Chickpea Flour Frittata

Prep Time: 8 min Cook Time: 20 to 25 min

Chickpea Flour Frittata

Prep Time: 8 min Cook Time: 20 to 25 min

About This Recipe

Take your plant-based breakfast to new heights of deliciousness (and nutrient density). Chickpea flour is packed with vitamins and minerals like folate, magnesium, and manganese, as well as plant-based protein and beneficial fiber, which not only feeds the friendly bugs in your microbial ecosystem but may also help lower cholesterol. Whether or not you eat eggs, adding this chickpea frittata to your rotation will bring more plant-based goodness into your life. What’s not to love about that?

The Benefits

This frittata offers a bite with health benefits. Chickpeas are a great source of plant-based protein and rich in soluble fiber which increases satiety and helps to control blood sugars by preventing spikes in glucose. Coriander seeds aid in digestion and have blood sugar lowering properties. Clove is a popular remedy for headache, sore throat, dental and respiratory disorders, digestive system ailments. Cumin seeds have antibacterial and antiviral effects.

Ingredients

4 to 6 Servings
  • 1 cup (175 g) chickpea flour
  • 1 cup (240 ml) water
  • 1/2 tsp salt
  • Freshly ground black pepper
  • 1 Tbsp (15 ml) avocado oil
  • 1/4 tsp coarsely crushed coriander seeds
  • 1 small red onion, finely chopped
  • 1 garlic clove, minced
  • 2 dried red chiles (optional)
  • 1/2 tsp turmeric
  • 1 tsp ground cumin
  • 1 tsp ground coriander
  • Pinch of red chile powder
  • 1/2 cup (155 g) chopped tomato
  • Small handful of mixed greens (such as baby spinach, chopped kale, whatever you have on hand)
  • A pinch or 2 of sumac for garnish
  • 1 to 2 Tbsp chopped cilantro for garnish
  • About 1/2 cup (120 ml) coconut or Greek yogurt, for serving (optional)
  • Your favorite pickle, chopped, for serving (optional)

Directions

  1. Step 1
    Mix the chickpea flour with 1 cup (240 ml) of water, salt, several grinds of black pepper, and whisk until smooth. Set aside.
  2. Step 2
    Heat your broiler (for finishing the frittata).
  3. Step 3
    In an 8-inch cast iron skillet, heat the avocado oil until shimmering. Add the crushed coriander seeds and allow them to sizzle over low heat for a minute.
  4. Step 4
    Add the chopped red onion and sauté until softened, about 3 minutes.
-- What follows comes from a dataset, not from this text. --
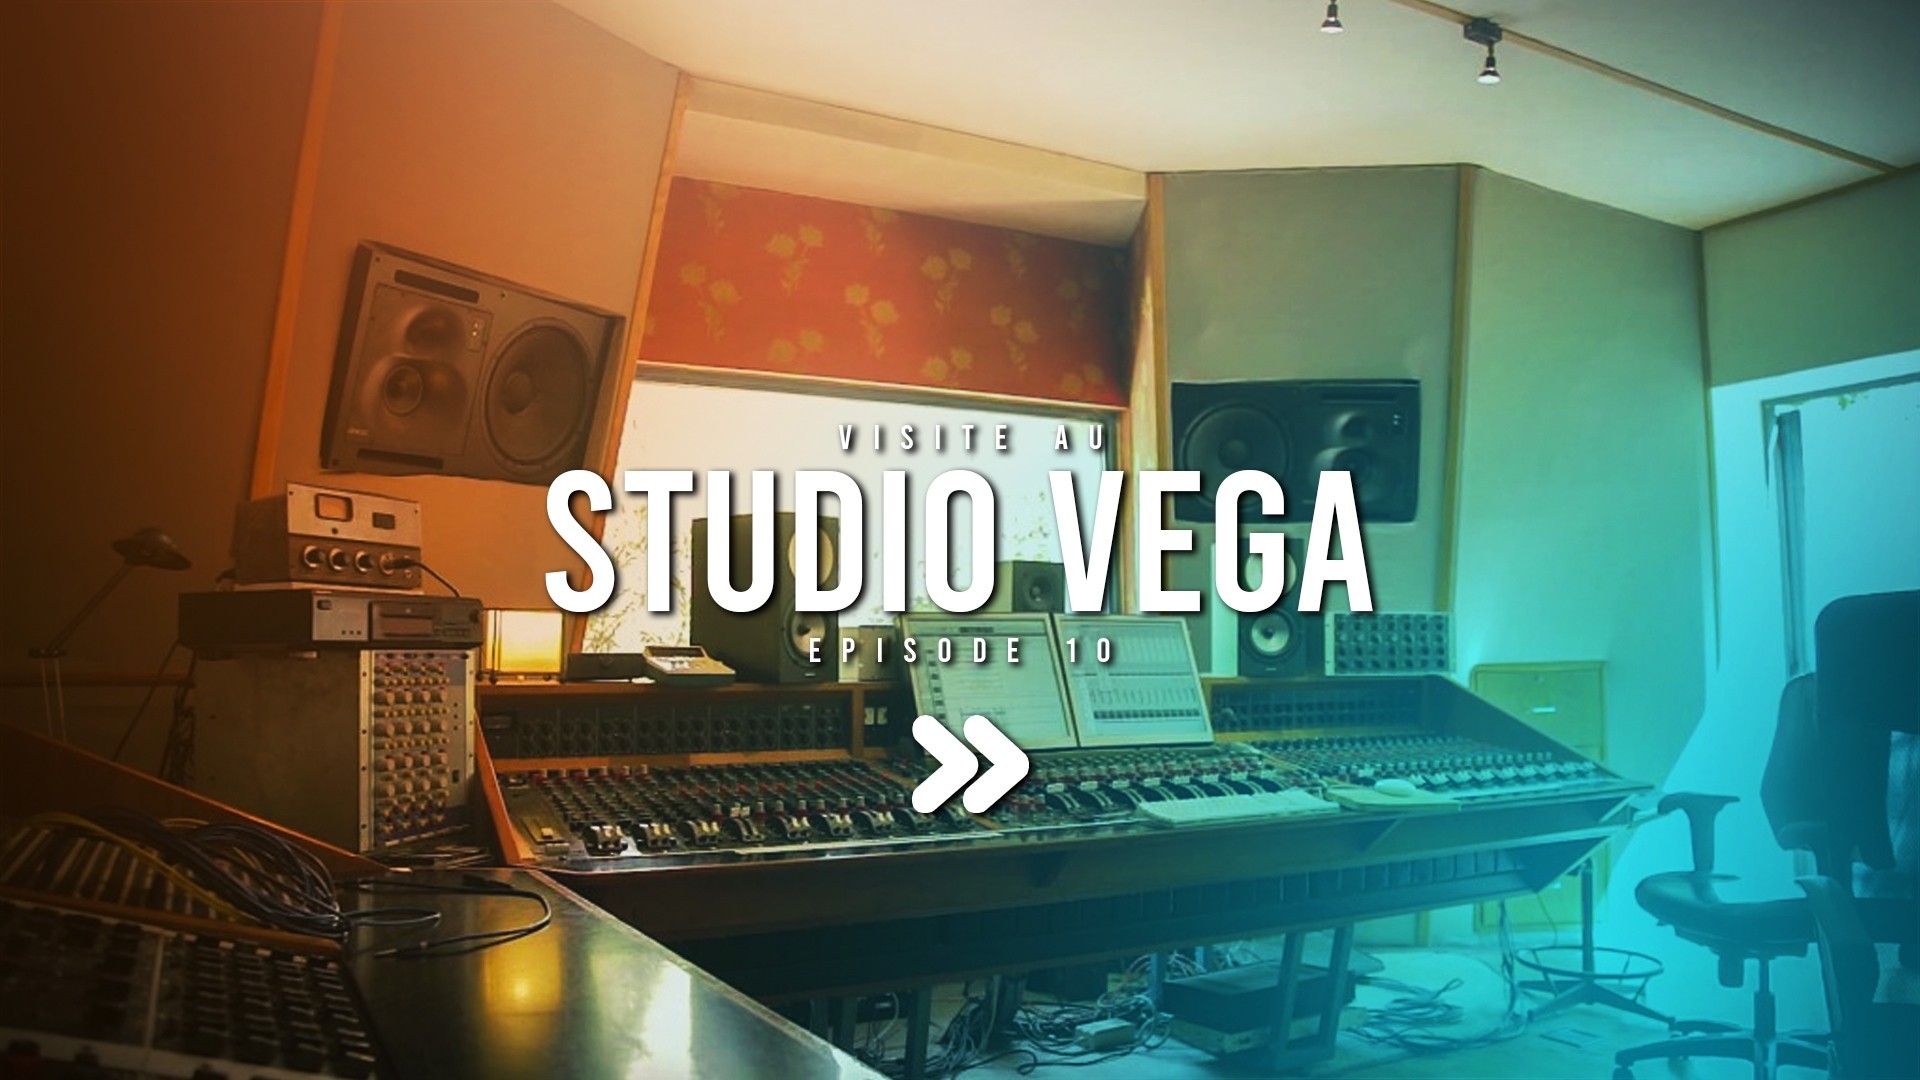 Visite au studio Vega

Add the minced garlic and dried red chiles (if using) and sauté for 30 to 45 seconds until fragrant.
  5. Step 5
    Add the turmeric, ground cumin, coriander, and a pinch of red chile powder and sauté for a minute.
  6. Step 6
    Add the chopped tomato, salt and pepper to taste, and cook to concentrate the flavors, 3 to 5 minutes. Add a small handful of mixed greens and sauté for a few seconds.
  7. Step 7
    Pour the chickpea batter over the tomato mixture (don’t mix the batter with the tomatoes). Cook, covered, over low heat for 5 minutes. Finish the frittata in in the broiler on high heat until the top begins to brown and the edges pull away from the sides of the pan slightly, 3 to 5 minutes. Carefully transfer the frittata to a plate — flip to expose all the gorgeous masala. Top with sumac for anti-oxidant-rich tanginess and fresh cilantro. Serve as is or with a dollop of coconut or Greek yogurt and your fav pickle.